[[ SUPPLIED DATA, beginning ]]
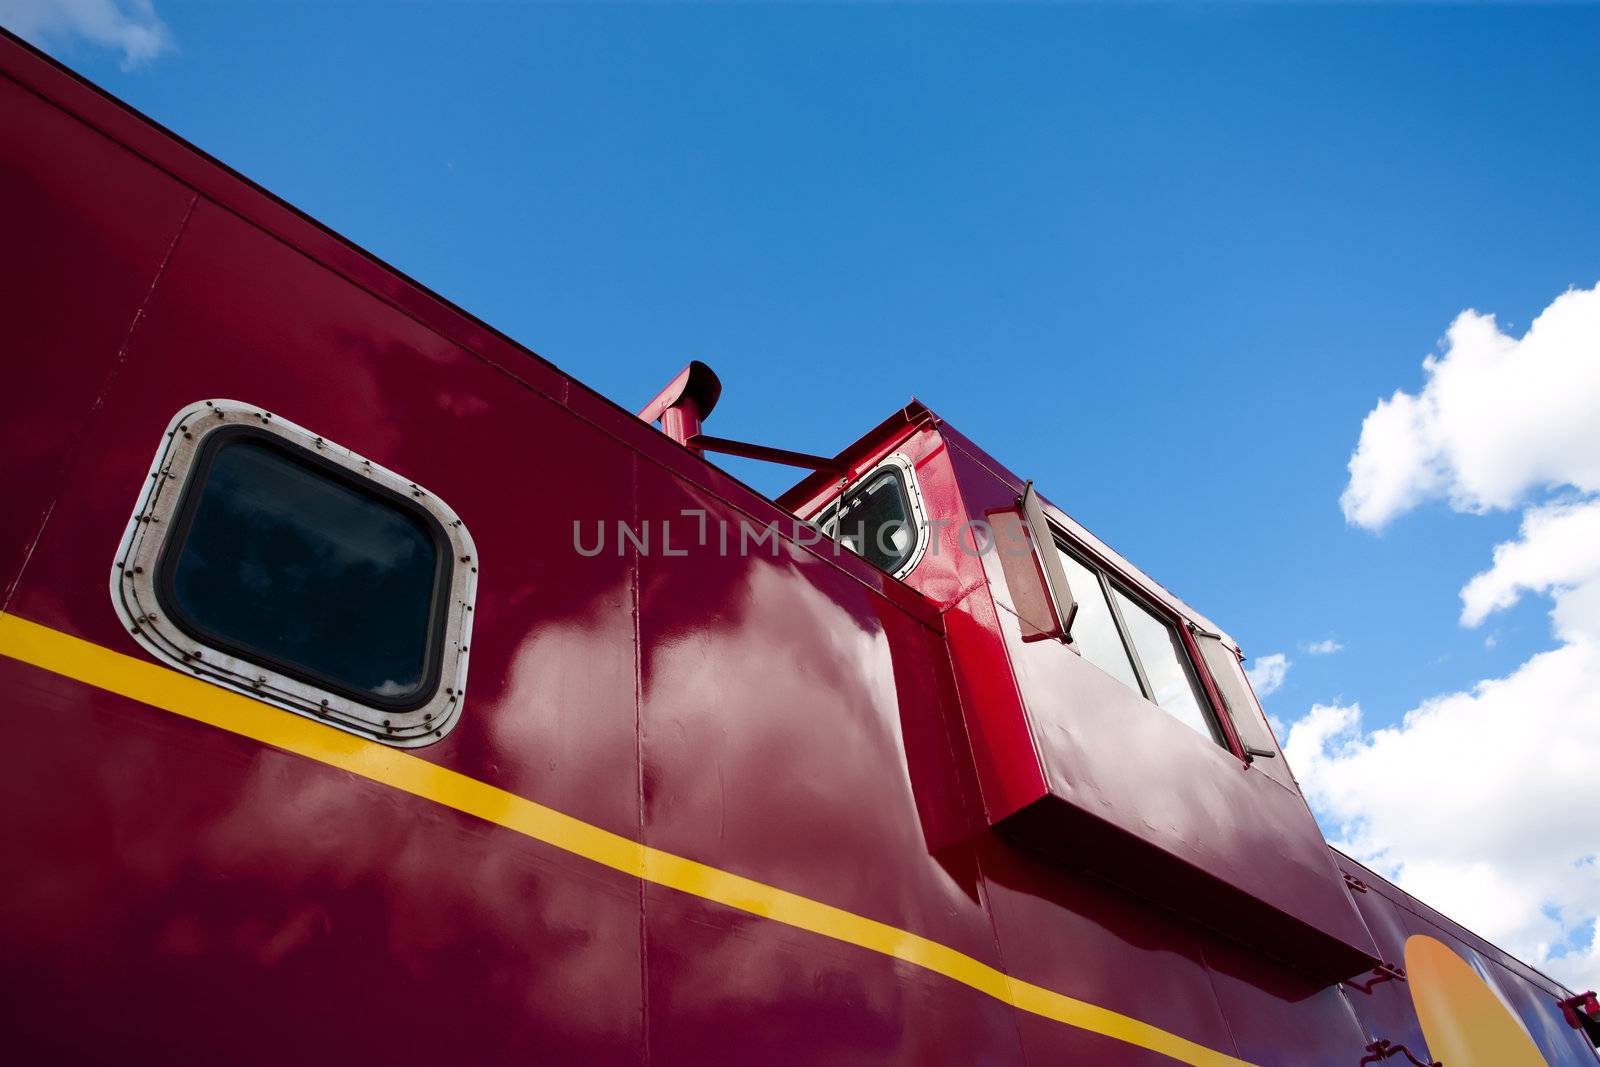 Detail of train caboose by Creatista
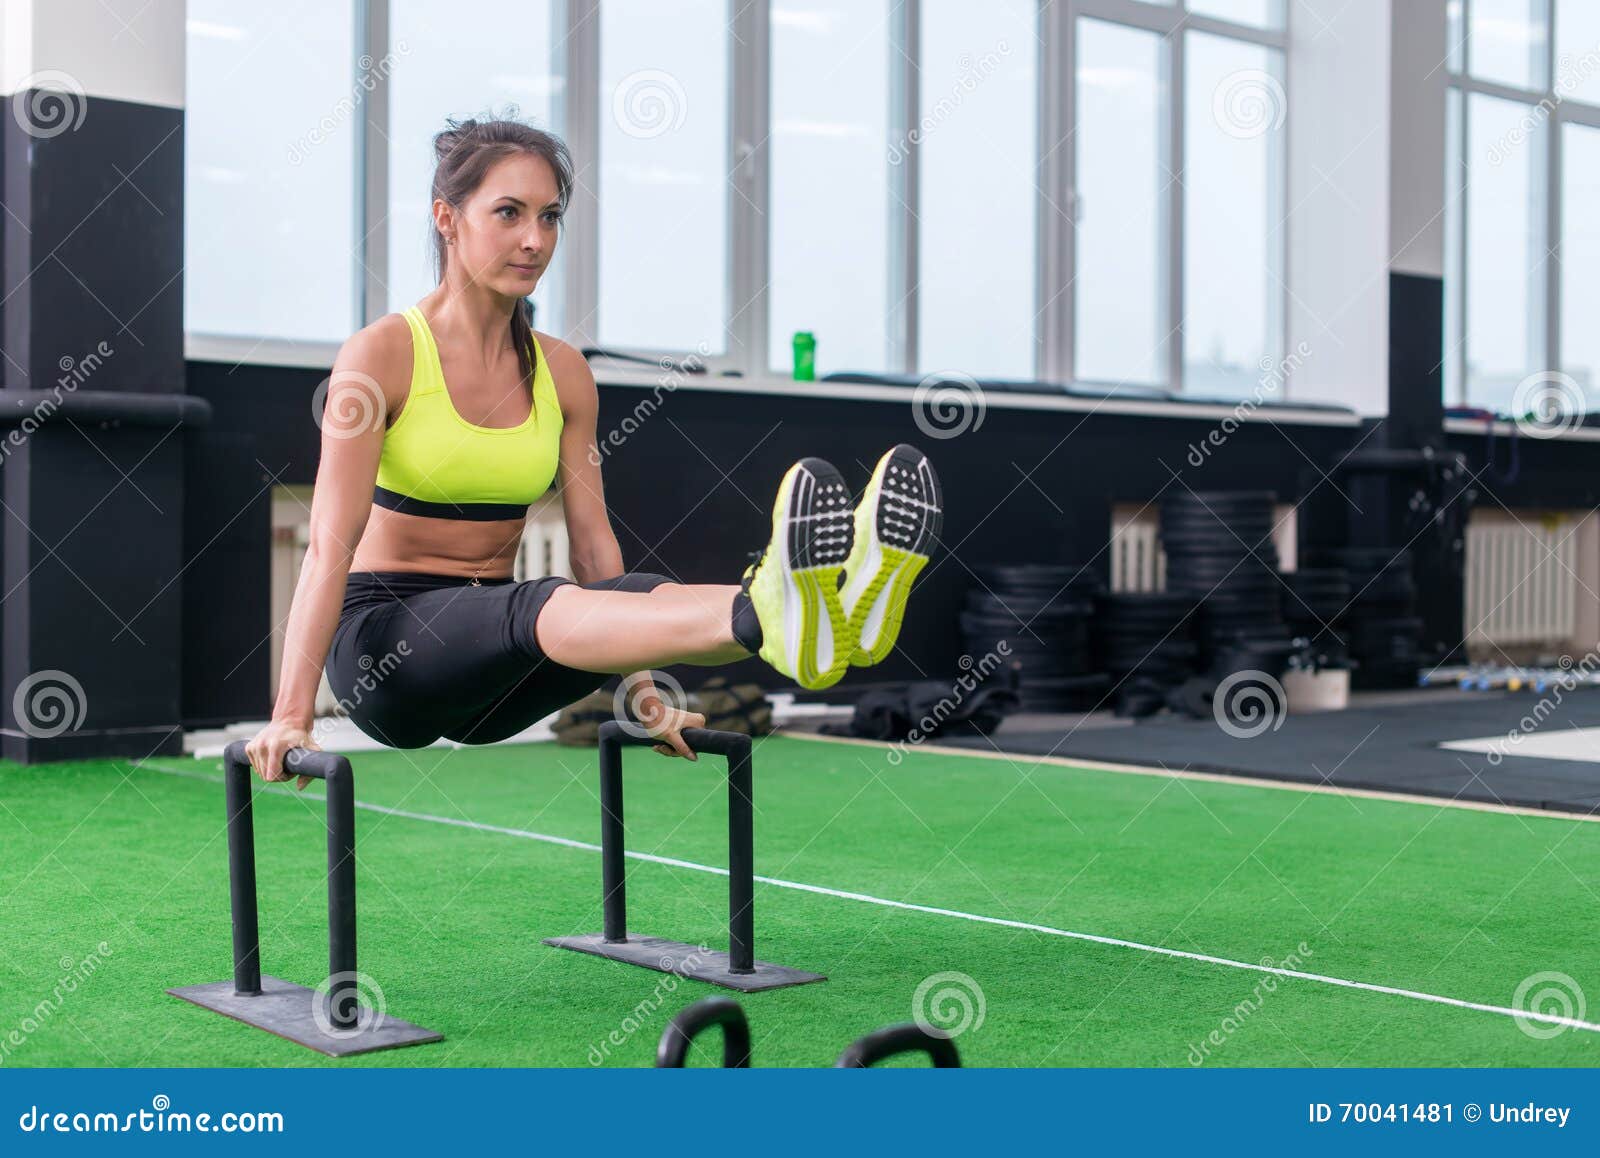 Fit Strong Woman Doing L-sits Work-out in Gym, Lifting Up Her Legs
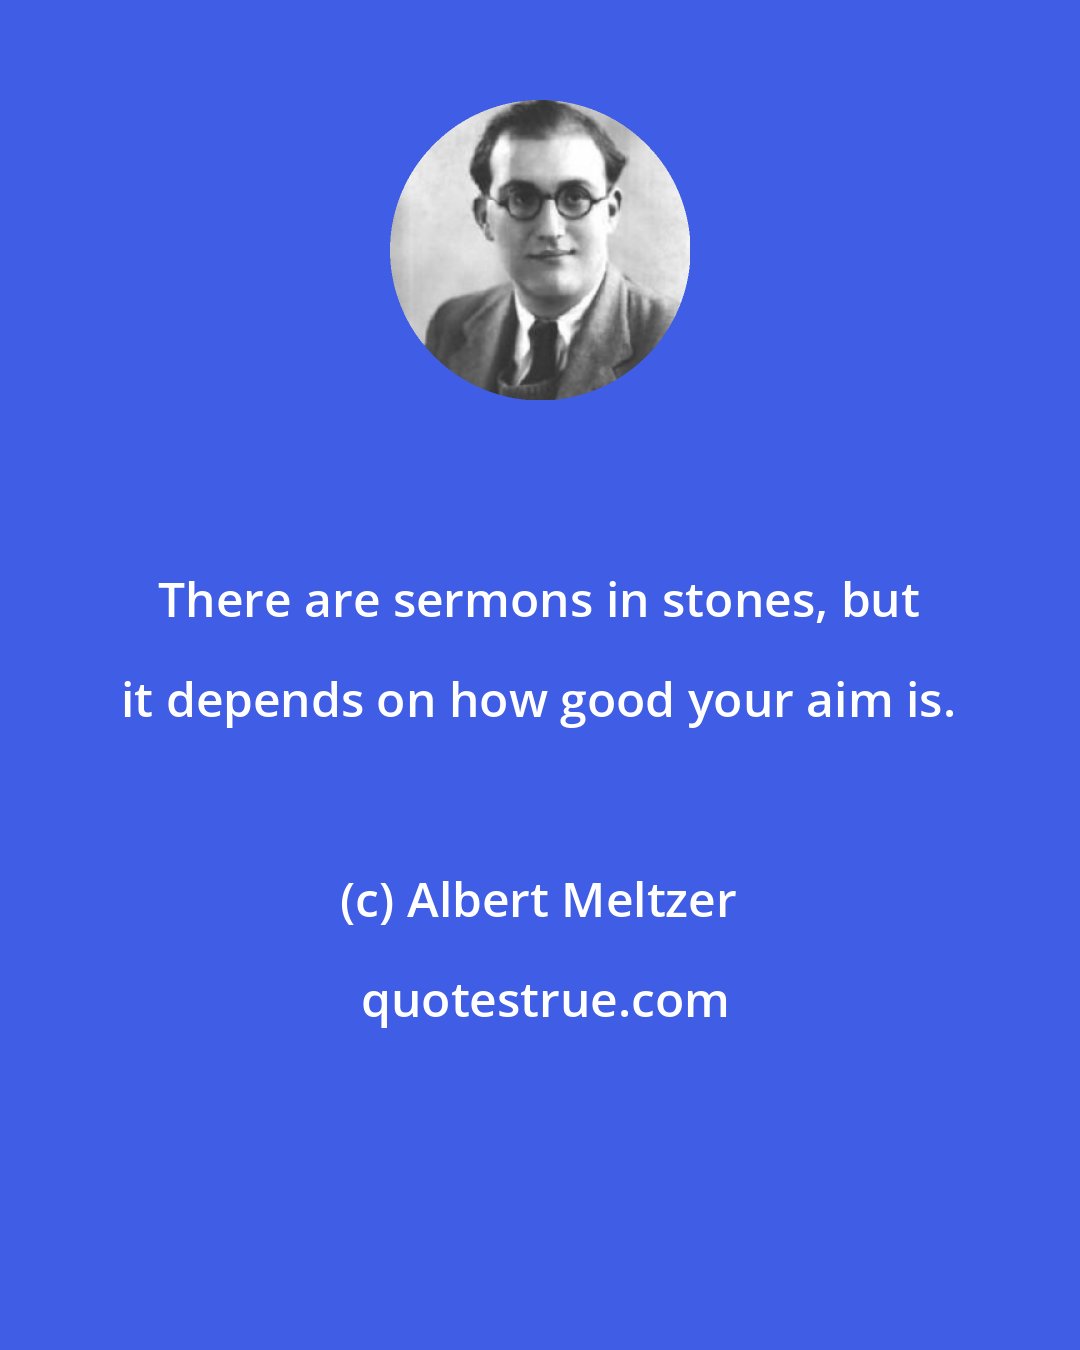 Albert Meltzer: There are sermons in stones, but it depends on how good your aim is.
[[ SUPPLIED DATA, end ]]
» **TASK DIRECTIONS**
After locating the line that contains "Fit Strong Woman", output it and all later lines through the end of the material exactly, leaving out pictures.

» **ANSWER FOR THIS EXERCISE**
 Fit Strong Woman Doing L-sits Work-out in Gym, Lifting Up Her Legs
 Albert Meltzer: There are sermons in stones, but it depends on how good your aim is.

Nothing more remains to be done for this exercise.